## [Brief]
Print the listing below exactly, images excluded.

## [Information shown]

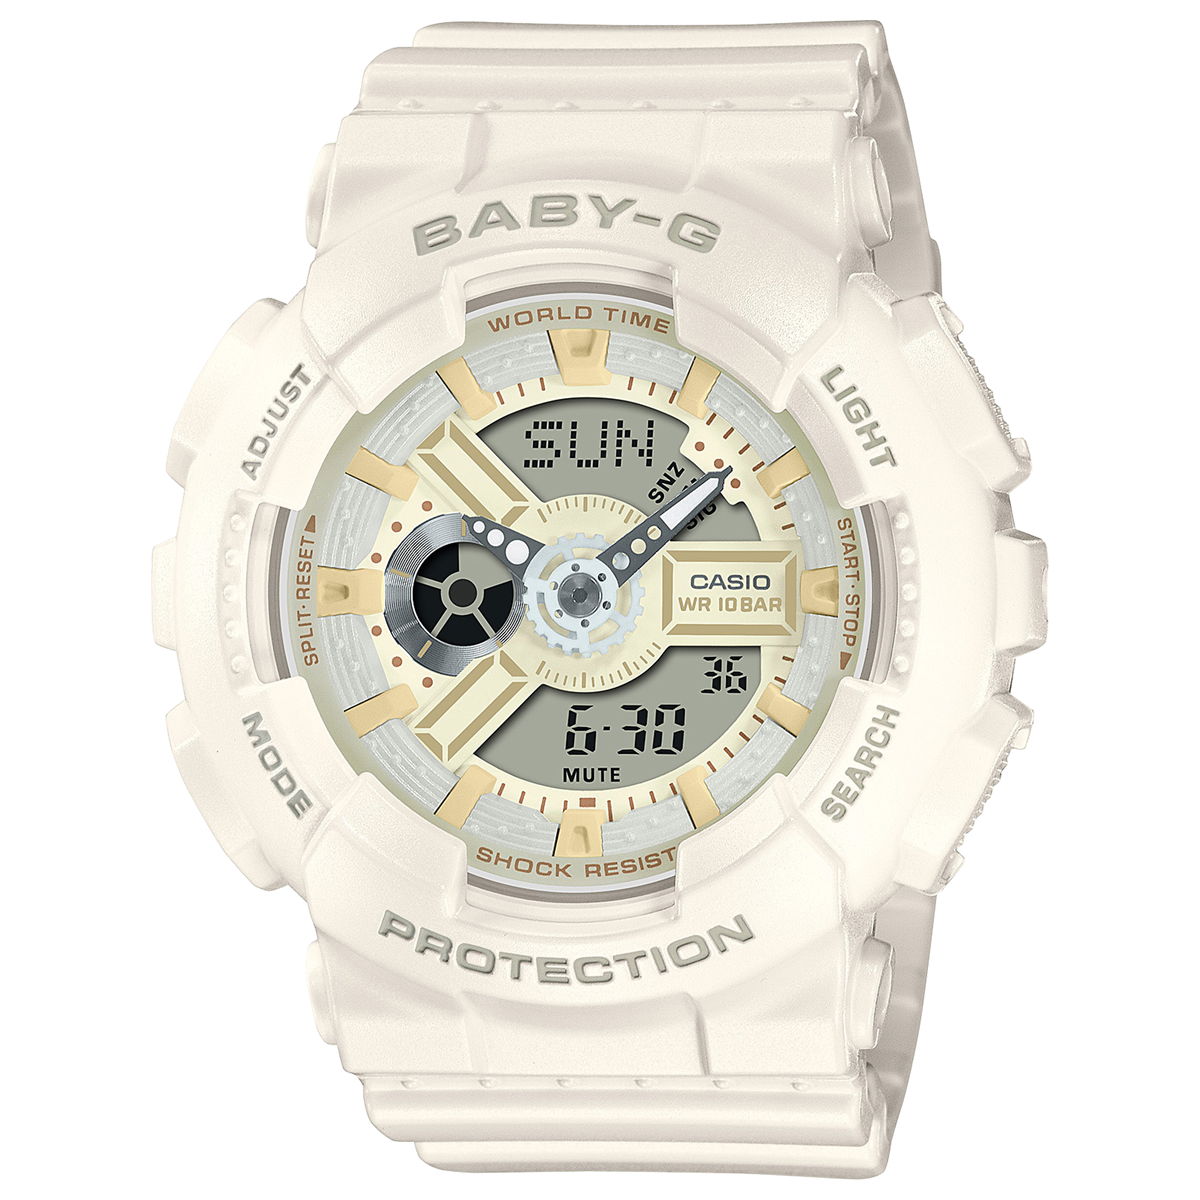 BABY-G カシオ ベビーG レディース 腕時計 BA-110XSW-7AJF ホワイトチョコレート オフホワイト
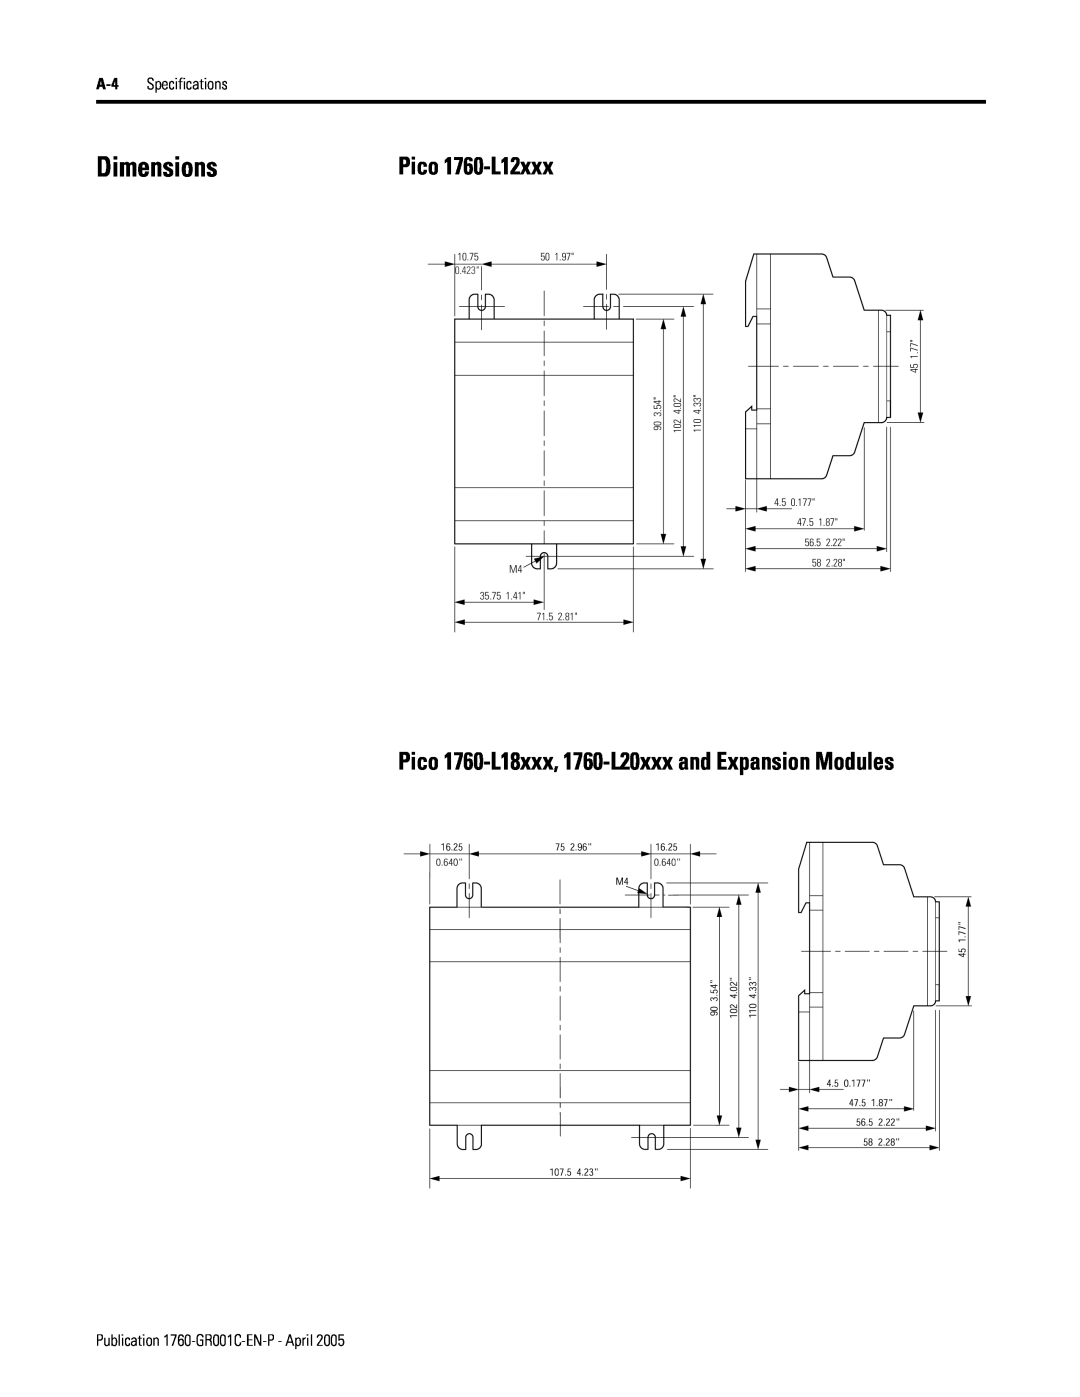 AB Soft manual Dimensions, 107.5, 541.77, 0.64016.25, A-4 Specifications, Publication 1760-GR001C-EN-P - April 
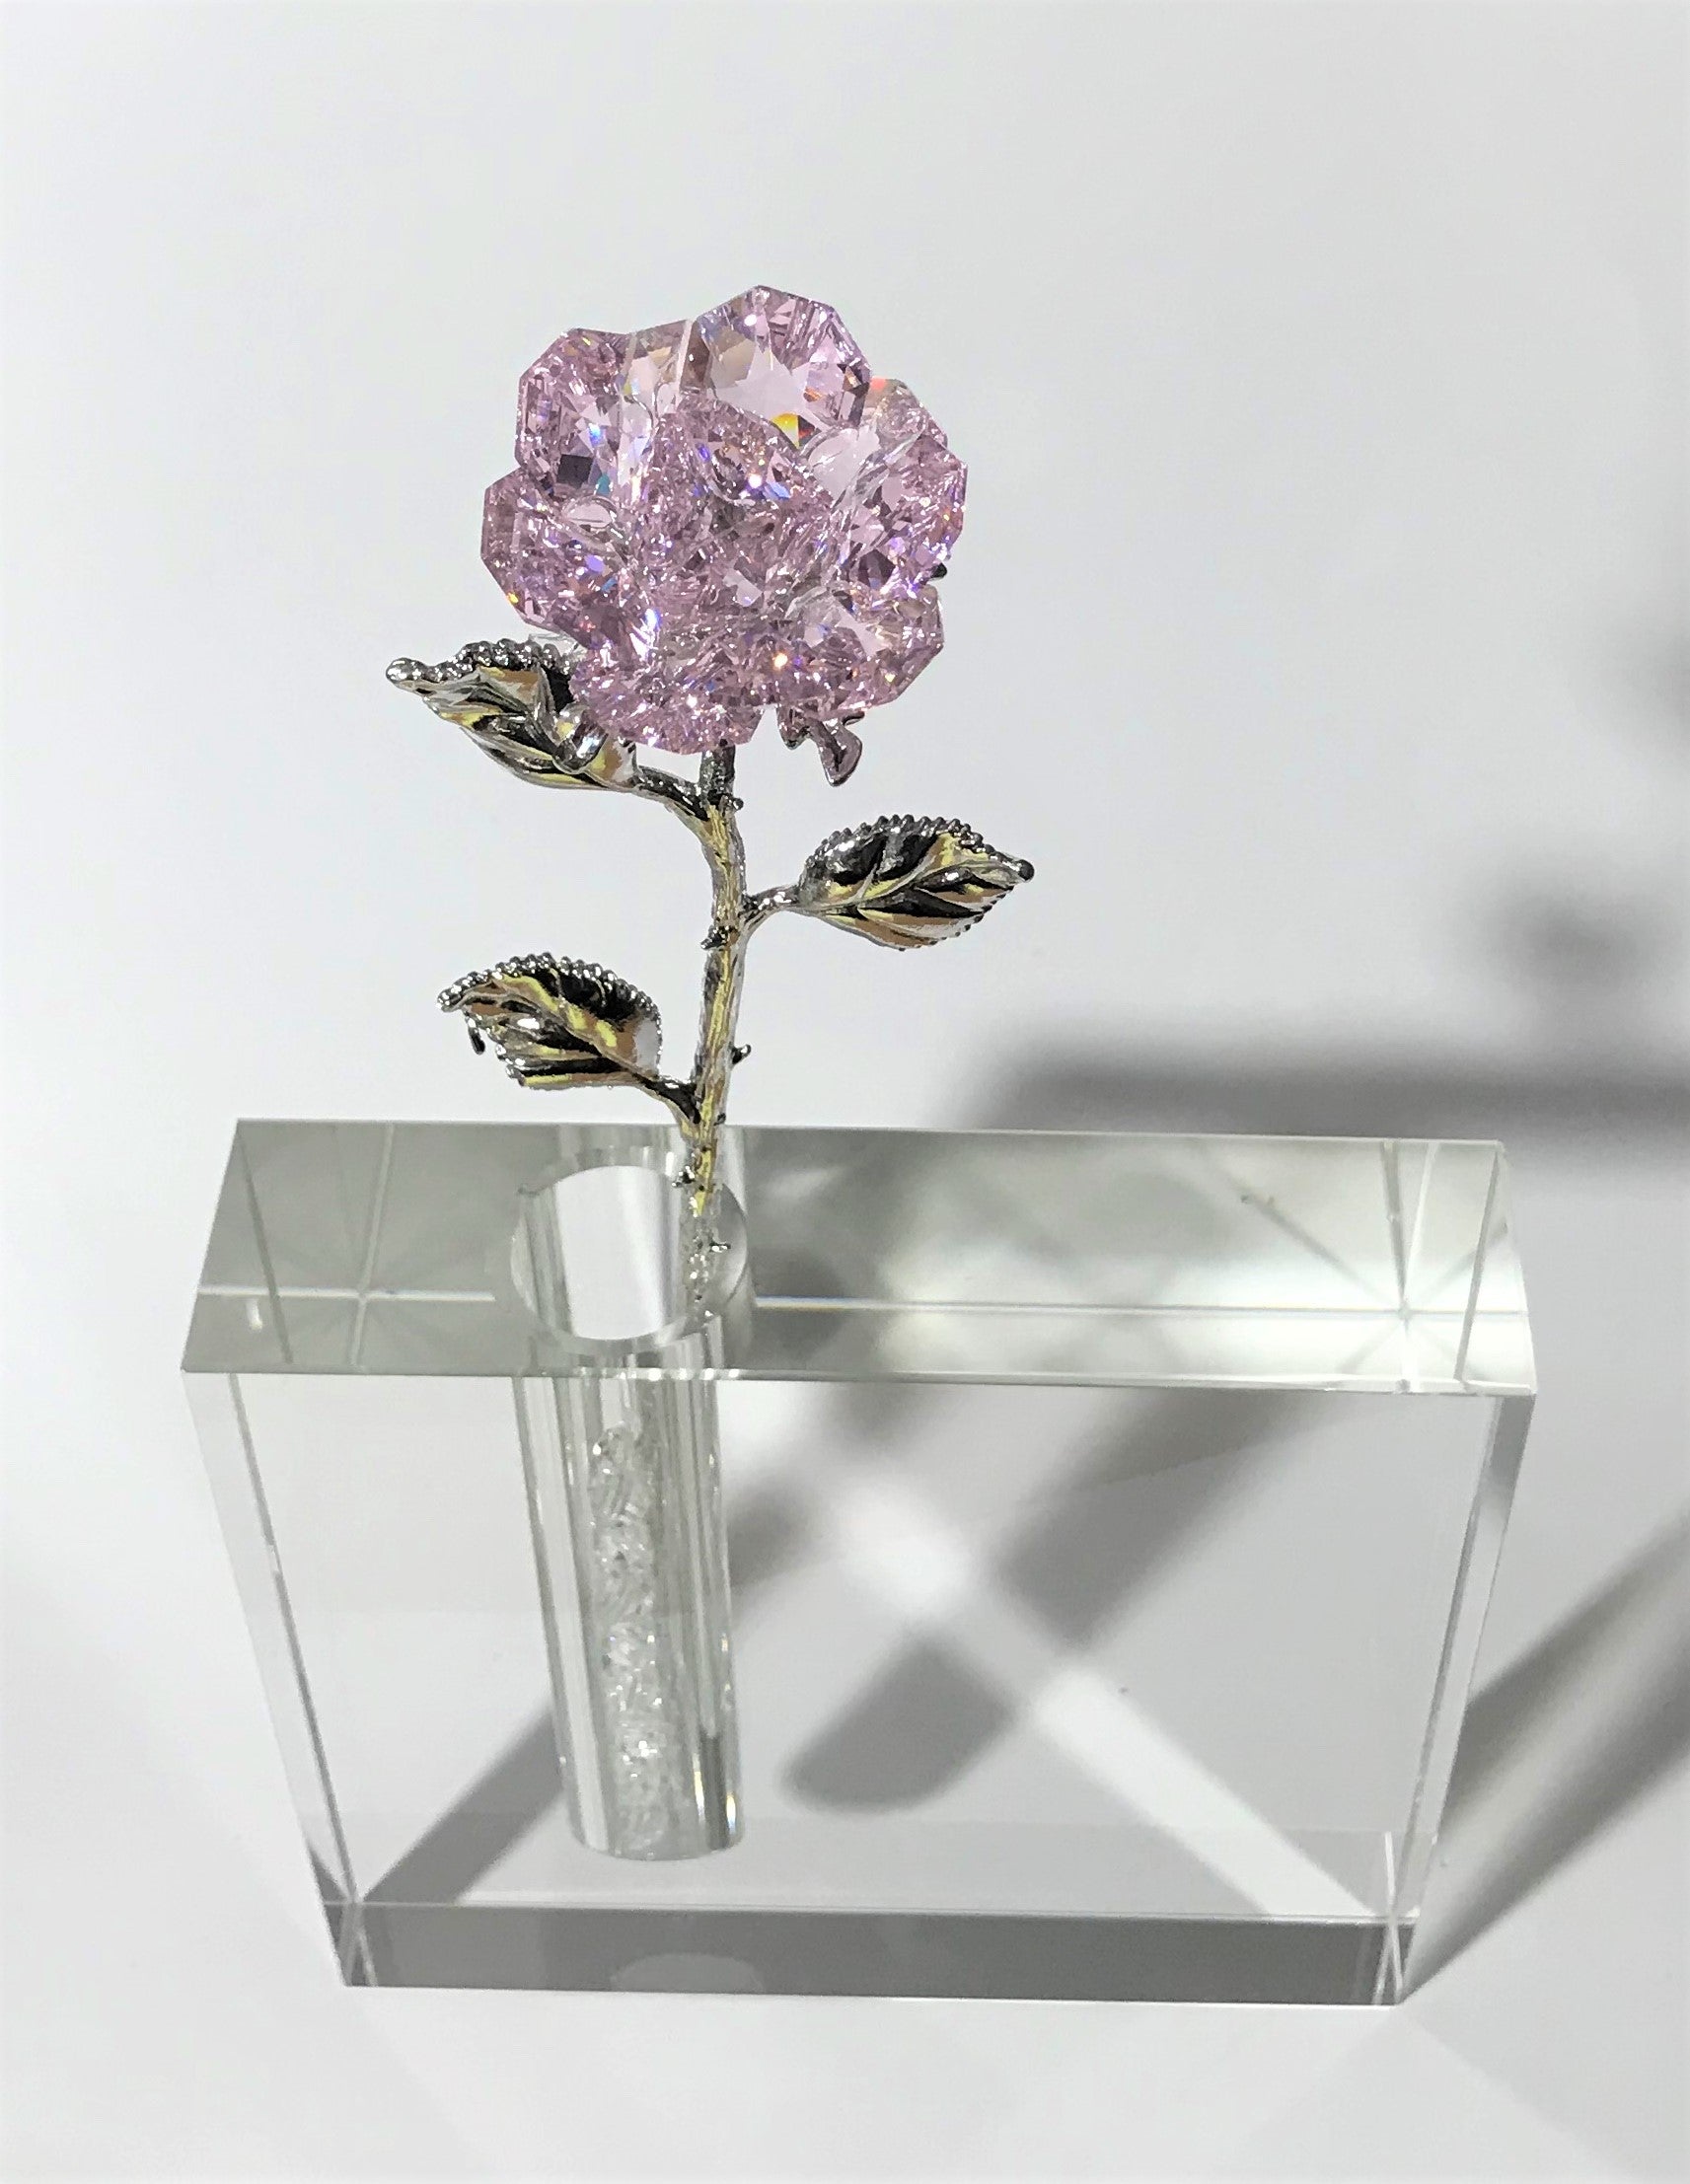 Pink Crystal Rose In 5 Inch Square Crystal Vase - Pink Crystal Flower In Vase

## [Result for this task]
 BABY-G カシオ ベビーG レディース 腕時計 BA-110XSW-7AJF ホワイトチョコレート オフホワイト
 AB Soft manual Dimensions, 107.5, 541.77, 0.64016.25, A-4 Specifications, Publication 1760-GR001C-EN-P - April 
 Pink Crystal Rose In 5 Inch Square Crystal Vase - Pink Crystal Flower In Vase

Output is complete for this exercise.